The Permission Factor…
I headed out to ride, thinking about that answer and a memory flashed before me of being 5, running away from home, suitcase packed full of all my important things, all the way around the block to the furthest corner from the house, and just standing there defeated, cause I did not have permission to cross the street. Suddenly I see everything in my life these last few months. It’s like I have been looking for permission, how to… what to… where to… if I can… why… My entire life has been pleasing others…looking for permission to be me… Sheesh
Had to go drive, the mechanic called batteries are fine, fully charged, just need an O ring kit. I have taken my life fully back. I now give myself permission to live how, why, where, and whatever that allows me to feel good, great, happy, successful, and smile.

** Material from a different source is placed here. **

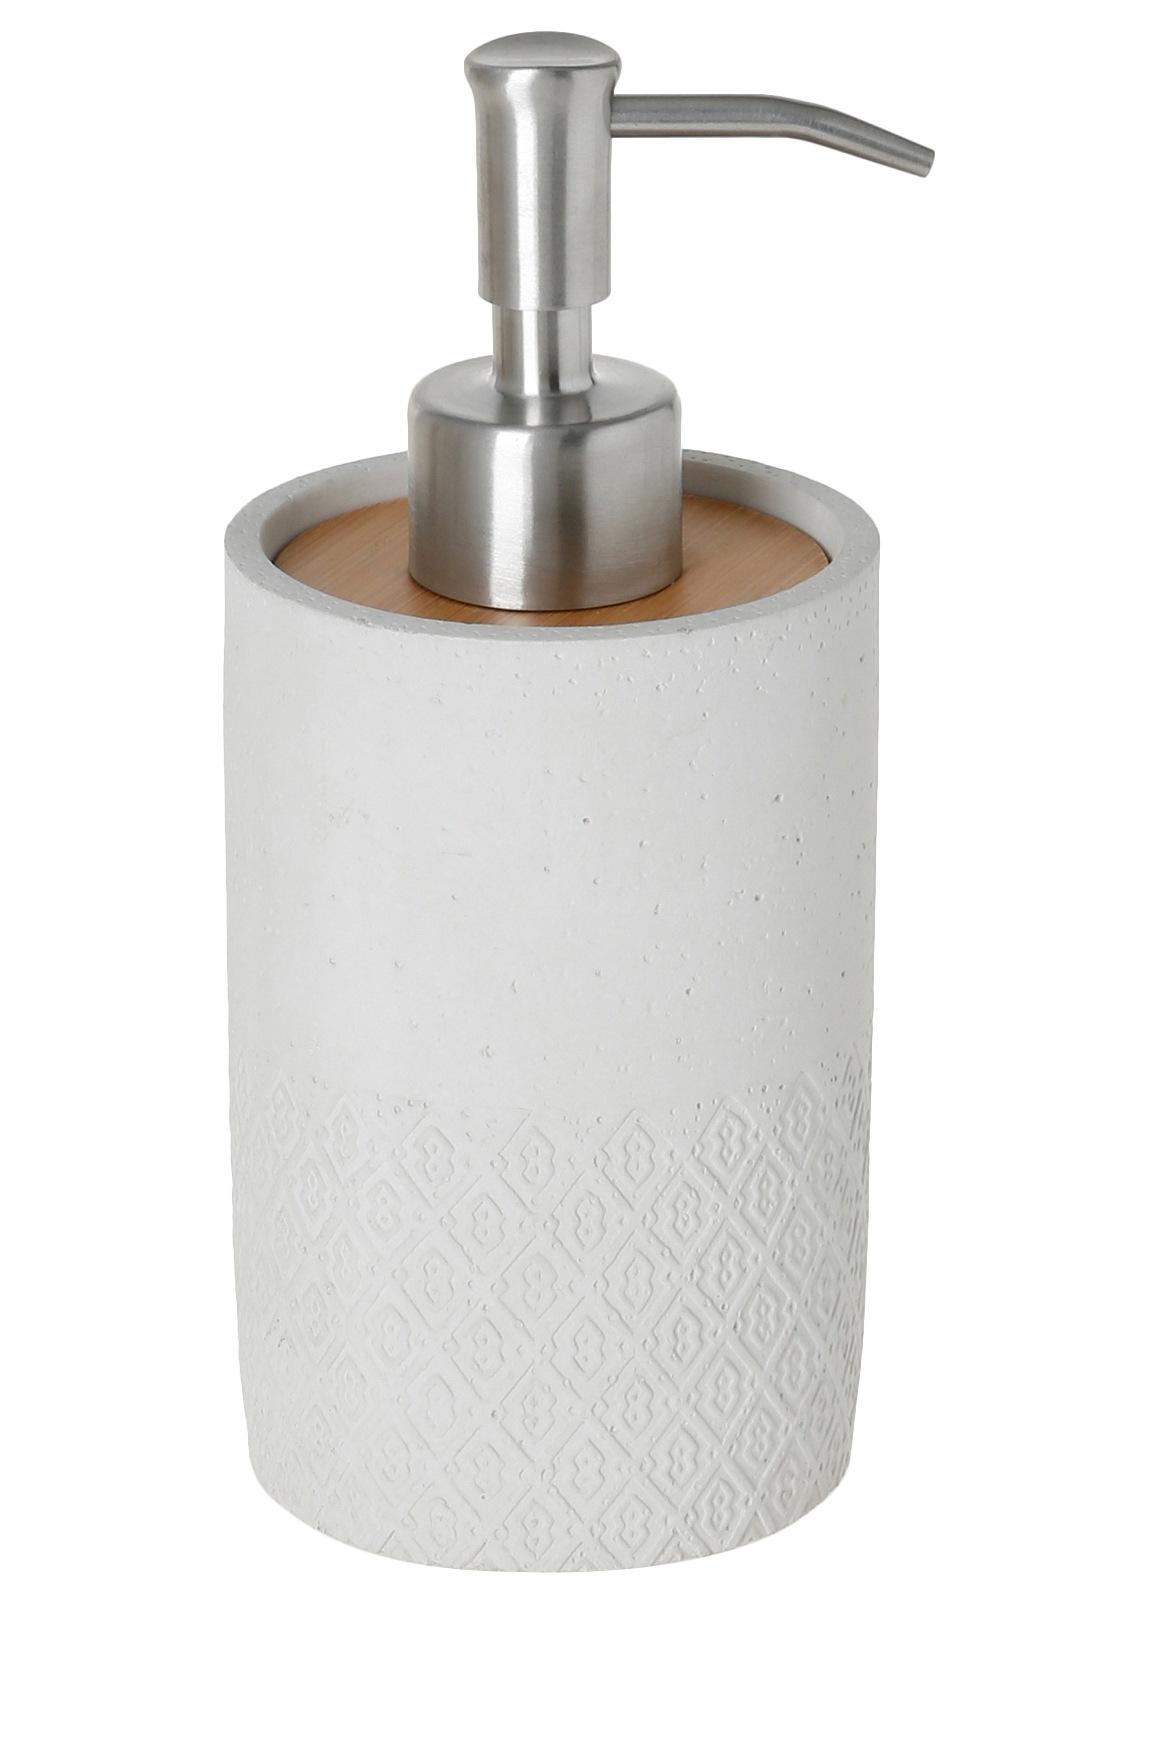 Australian house garden hahndorf bathroom accessories for Bathroom accessories australia

I give permission to myself to have others be exactly as I expect, and allow myself to change those expectations in any way that works for me. Now understanding why people sometimes act exactly as I expect, no exceptions… I understand why I got so hooked on Abraham, they never teach what to believe, just to find anyway that allows you to feel good.
Came home to pens being cleaned, troughs cleaned and full, to ride the last horse of the evening, who so tried to get me to buy into how scary my jacket was when I took it off. He and I could feel the confidence just oozing out of me. Finished with the big horse, my youngest fixed supper, while I completely re-drew, re-designed, re-wrote my business contracts and my letter head. Then cleaned off my desk, re-filed my files, last year’s all now in the oldies and the current year files waiting for the new clients to come in and fill them out.
There is so much power in finding I exactly what I have been looking for… PERMISSION… such a simple thing now that I have found it and understand… I give myself permission to succeed, love and be loved…I am so super, duper, fantastically “Jazzzed!”